__INPUT__.
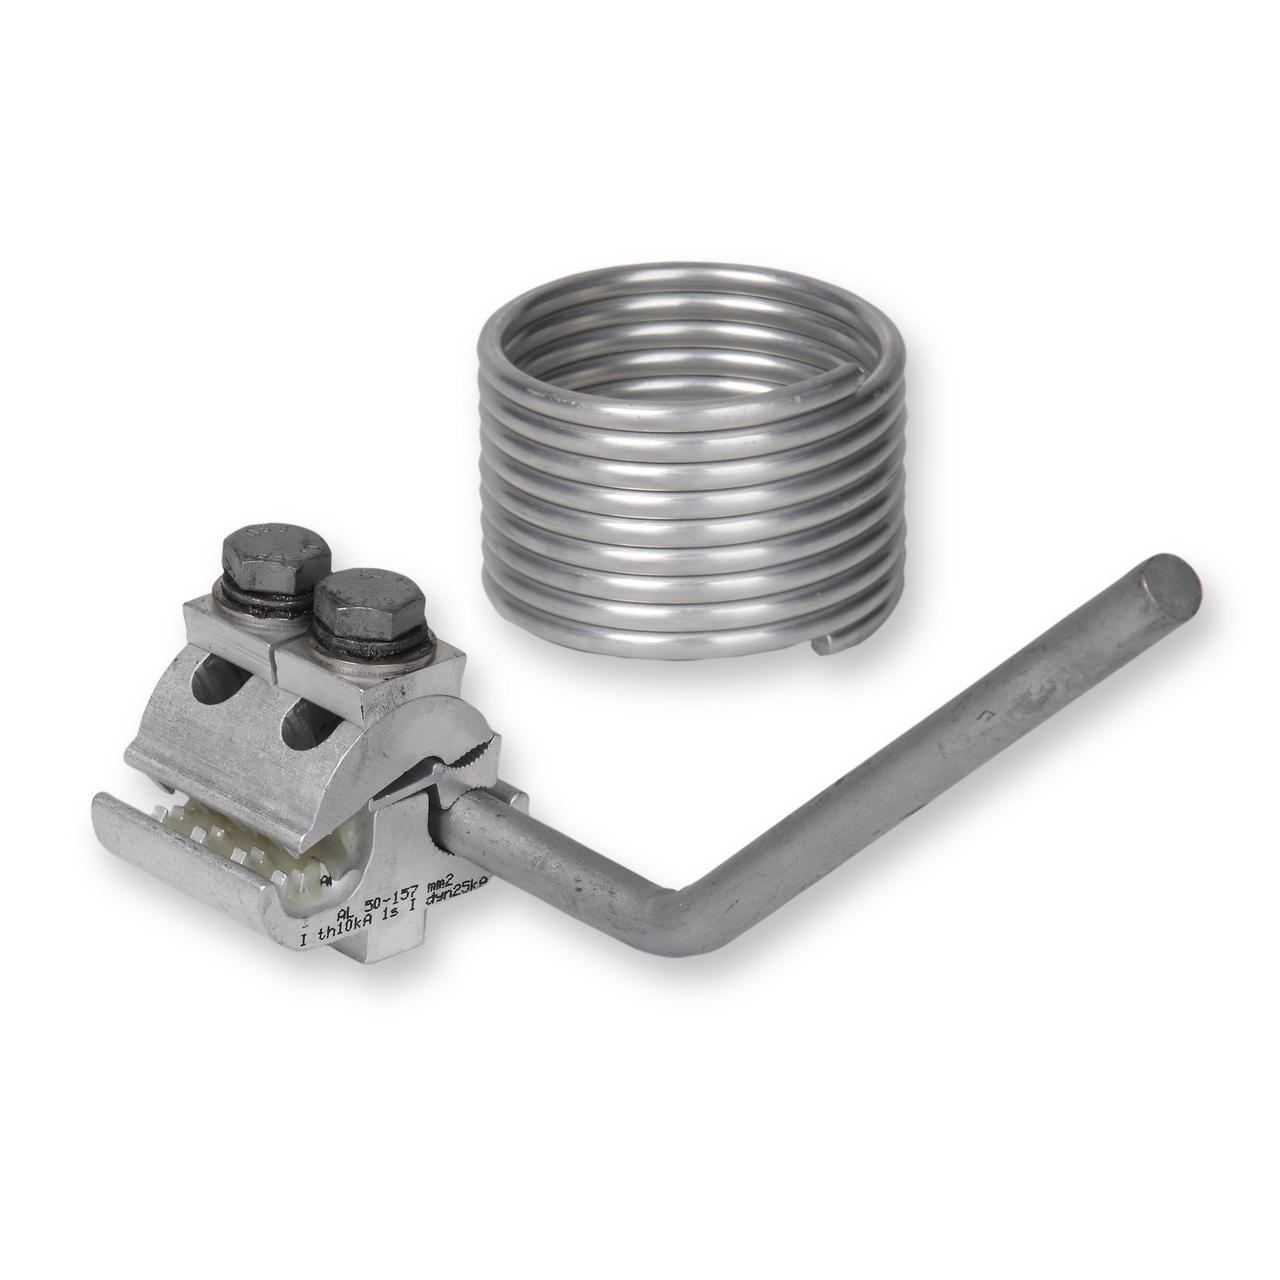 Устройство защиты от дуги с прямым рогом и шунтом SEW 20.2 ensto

---

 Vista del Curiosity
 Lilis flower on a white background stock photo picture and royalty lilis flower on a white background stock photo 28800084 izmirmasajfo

__EXERCISE OBJECTIVE__. The expected answer is an exact copy of the lines above, beginning at the line with "Vista del Curiosity" and ending at the line with "Lilis flower on a white background stock photo picture", with both ends in.

__TASK OUTPUT__.
 Vista del Curiosity
 Lilis flower on a white background stock photo picture and royalty lilis flower on a white background stock photo 28800084 izmirmasajfo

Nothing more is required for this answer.